*THE DATA*:
******************************

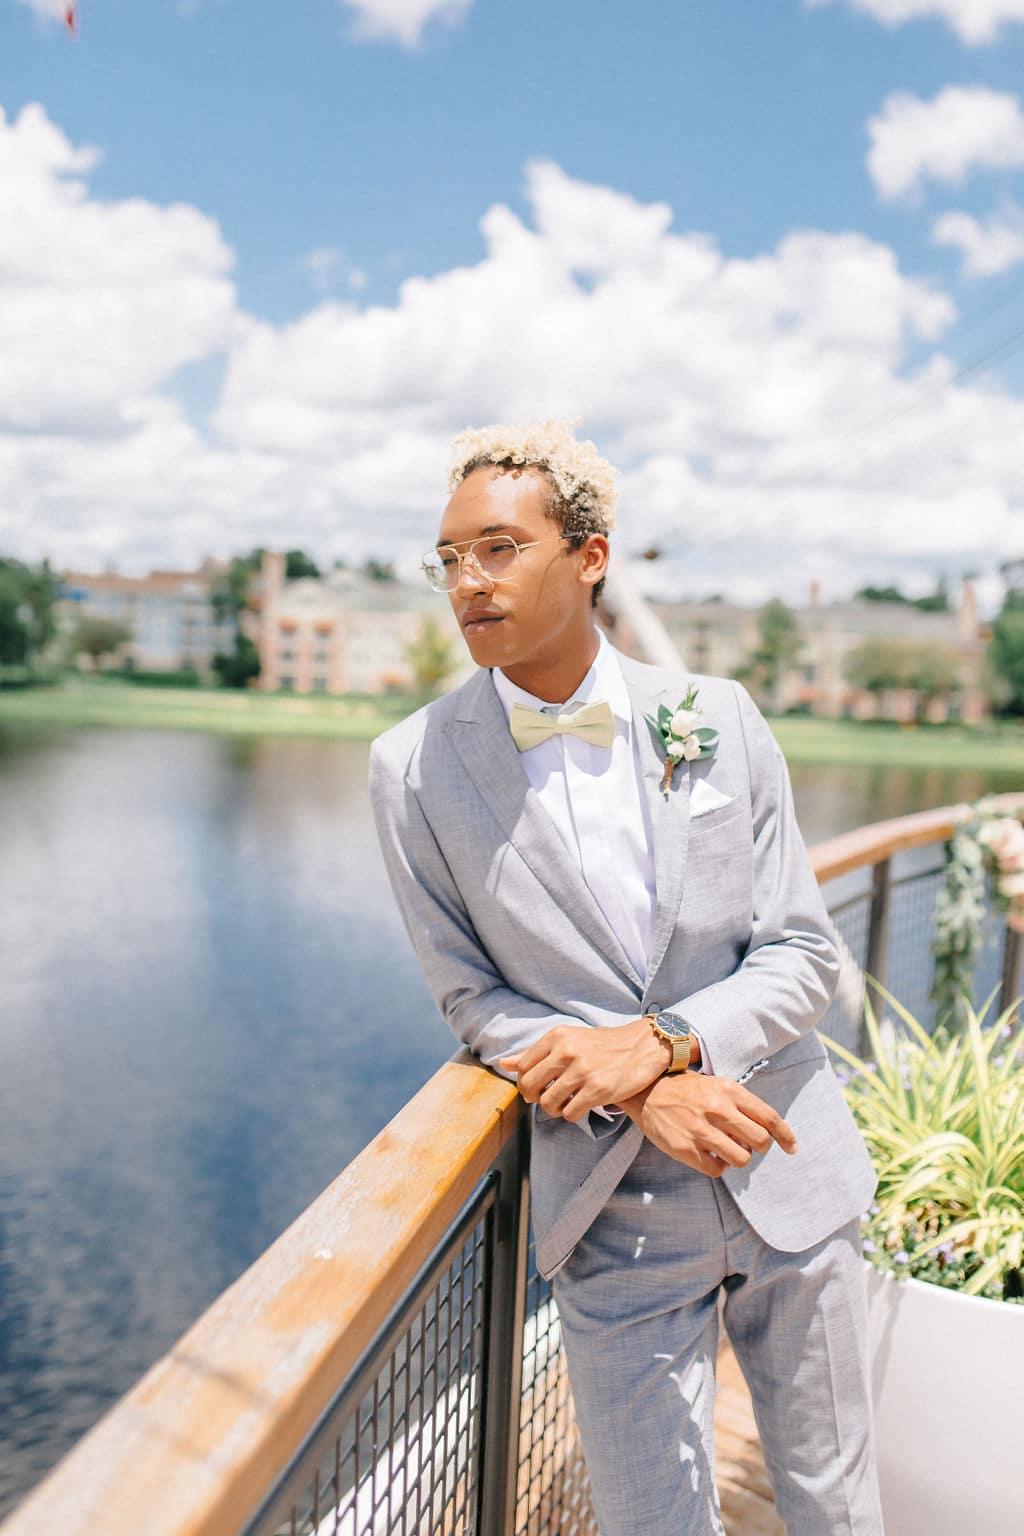 micro wedding Disney Princess and the Frog Wedding Theme groom attire
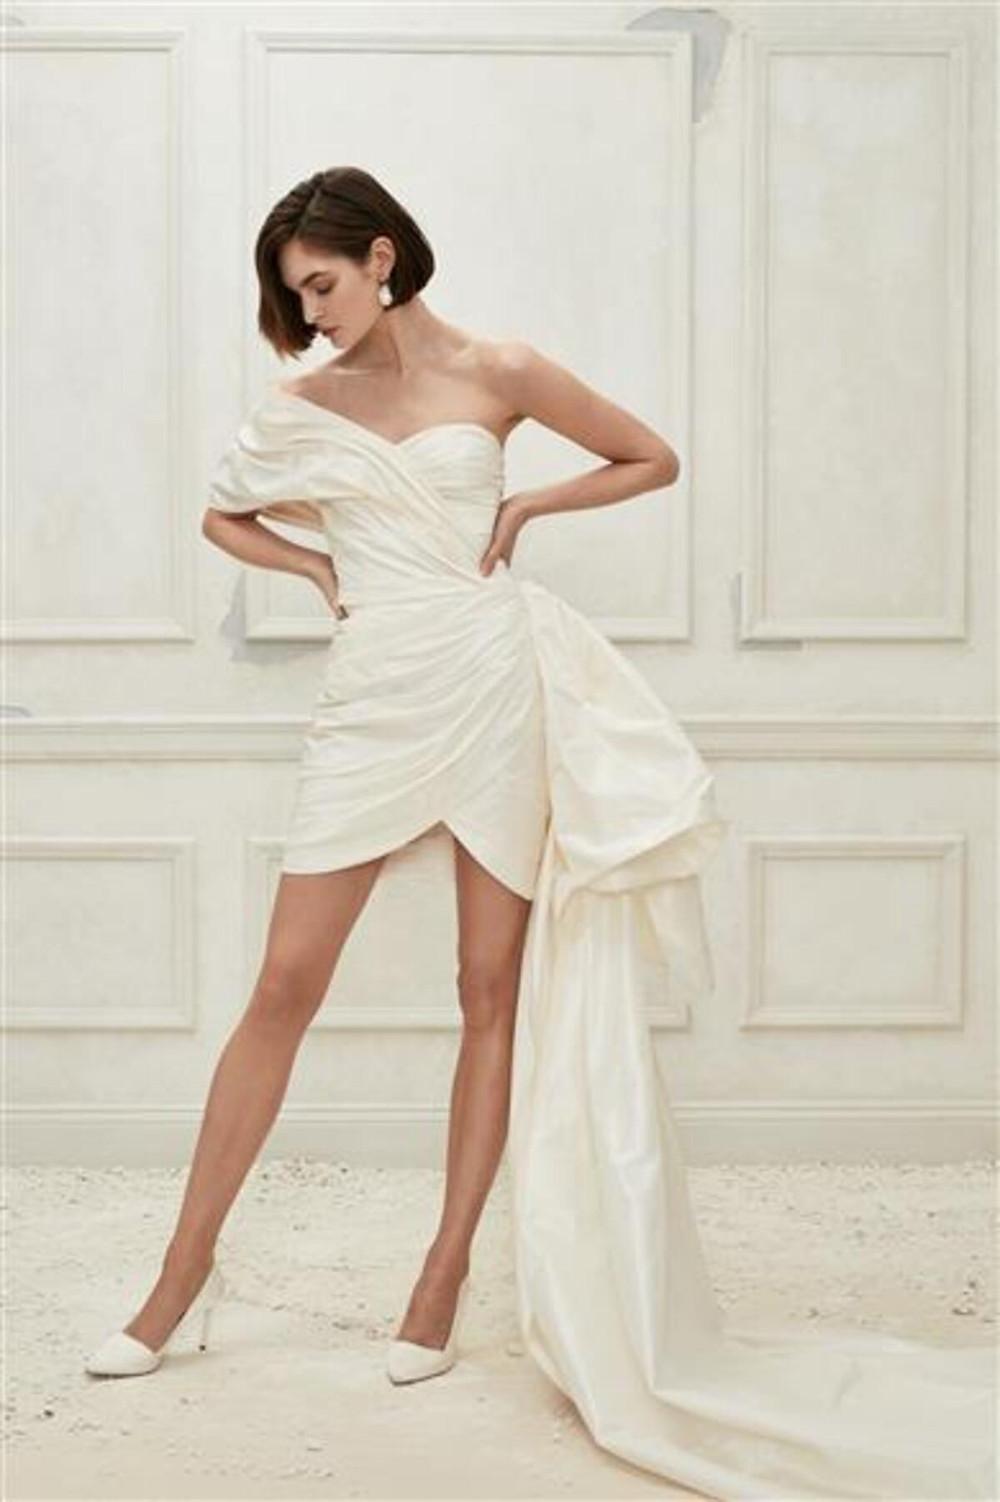 A Oscar de la Renta short one shoulder wedding dress, with a large bow
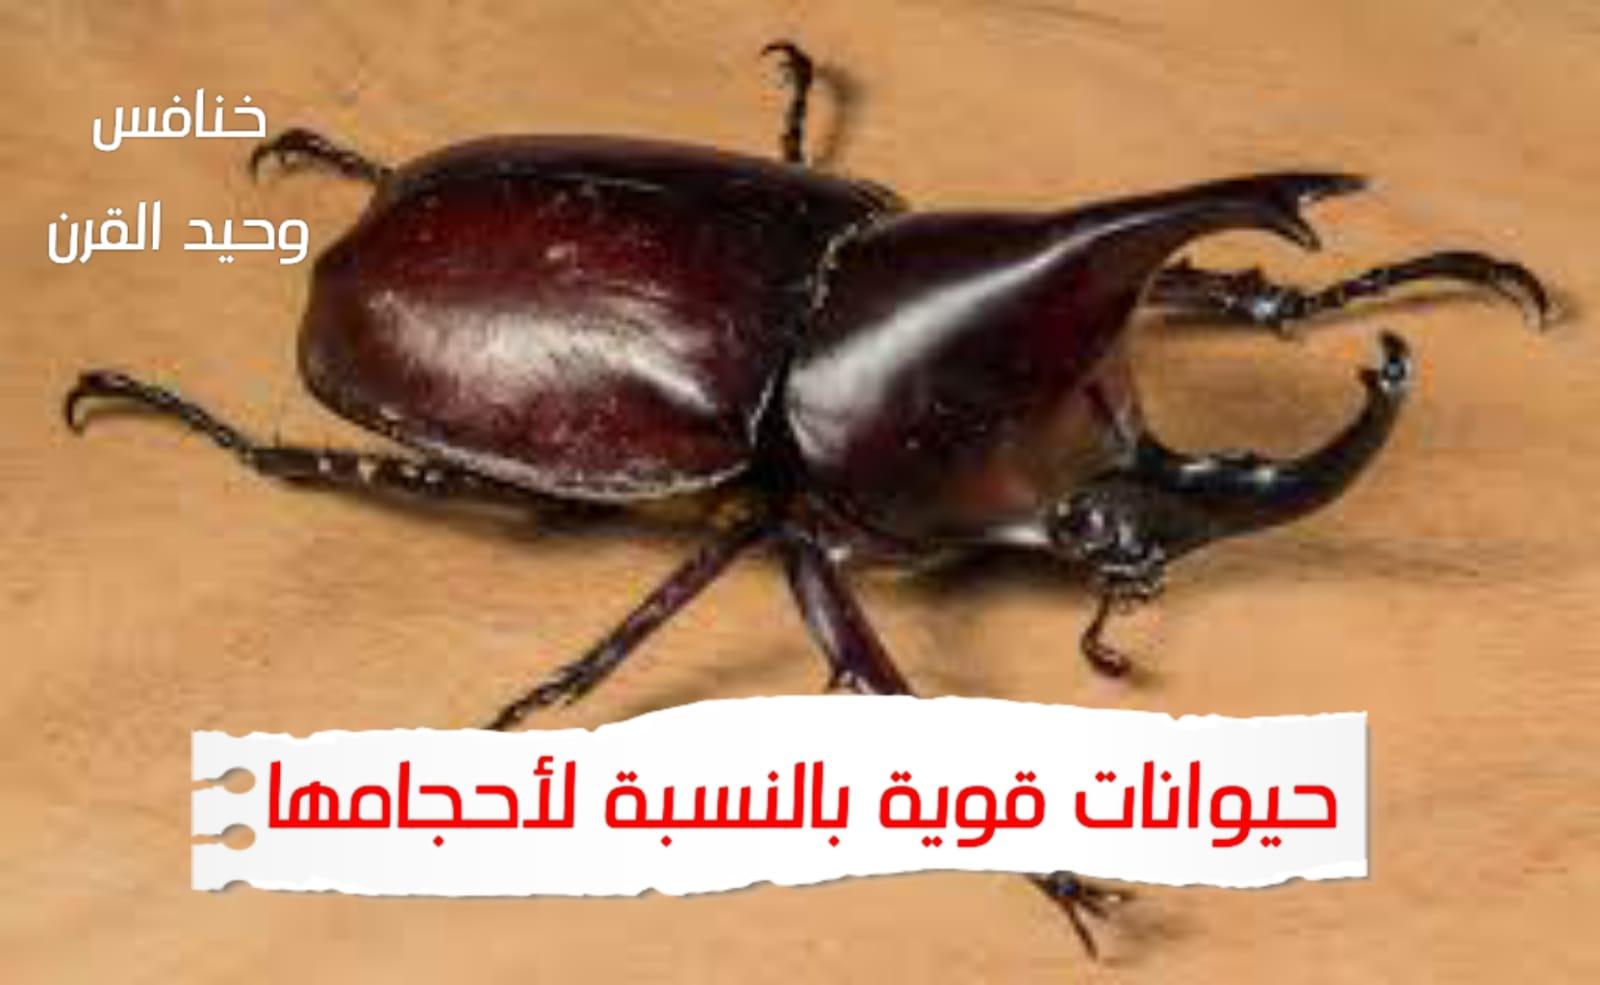 WhatsApp Image 2020 06 23 at 10.23.58 PM - حيوانات صغيرة لاكنها قوية - حيوانات قوية بالنسبة لأحجامها
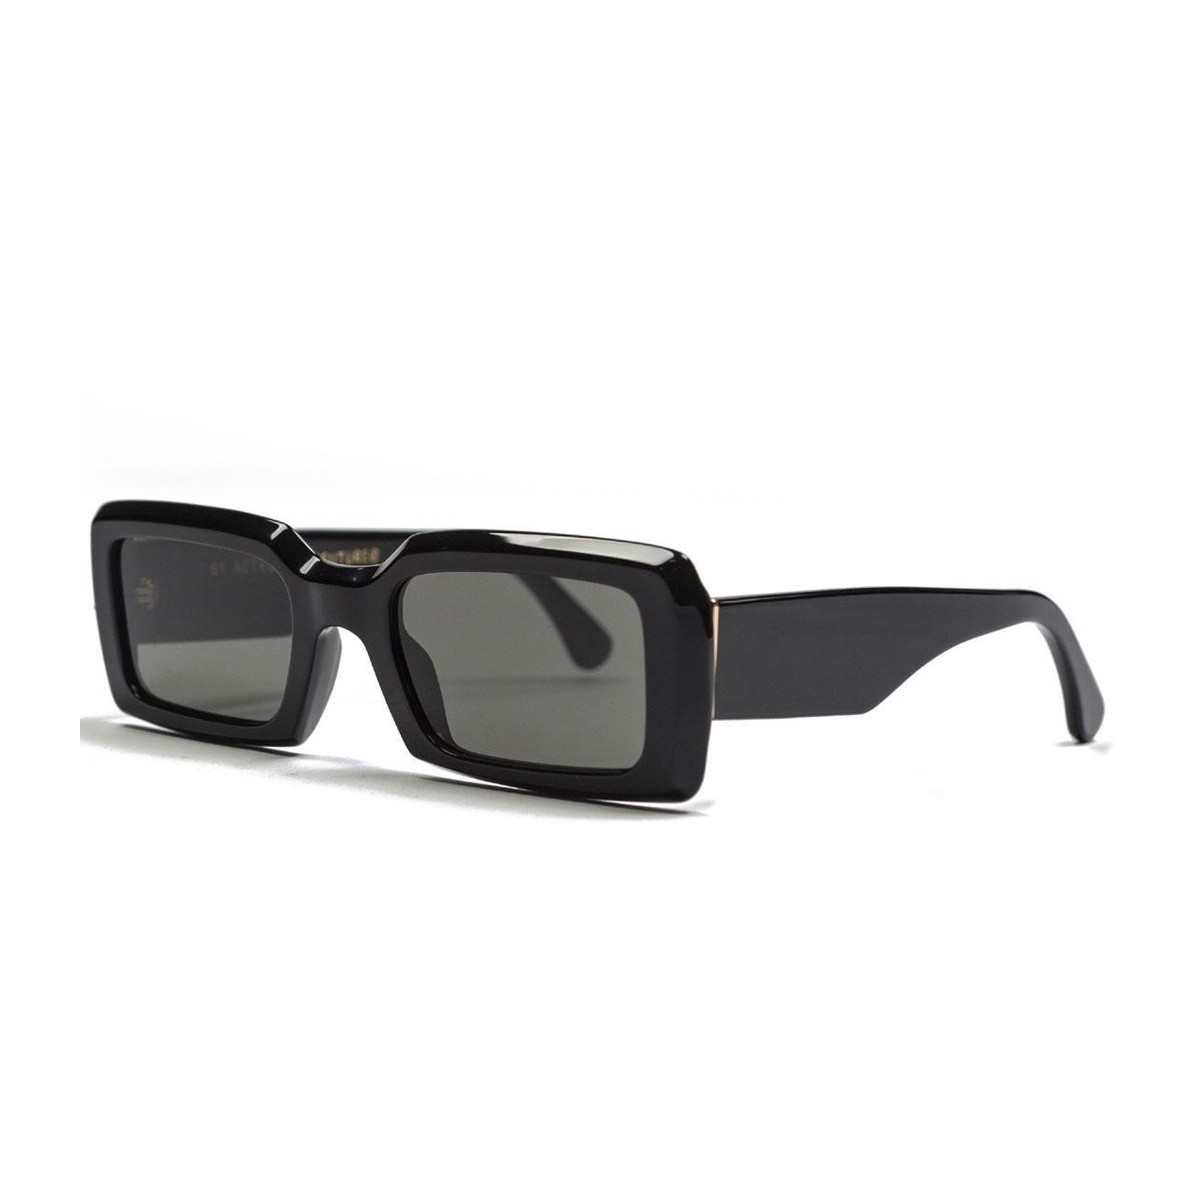 Super Sacro | Occhiali da sole Unisex

******************************

*PROBLEM STATEMENT*: Reproduce exactly the lines from the one with "A Oscar de la" to the bottom of the listing, both ends included, and nothing else. Skip the pictures.

*WRITTEN SOLUTION*:
 A Oscar de la Renta short one shoulder wedding dress, with a large bow
 WhatsApp Image 2020 06 23 at 10.23.58 PM - حيوانات صغيرة لاكنها قوية - حيوانات قوية بالنسبة لأحجامها
 Super Sacro | Occhiali da sole Unisex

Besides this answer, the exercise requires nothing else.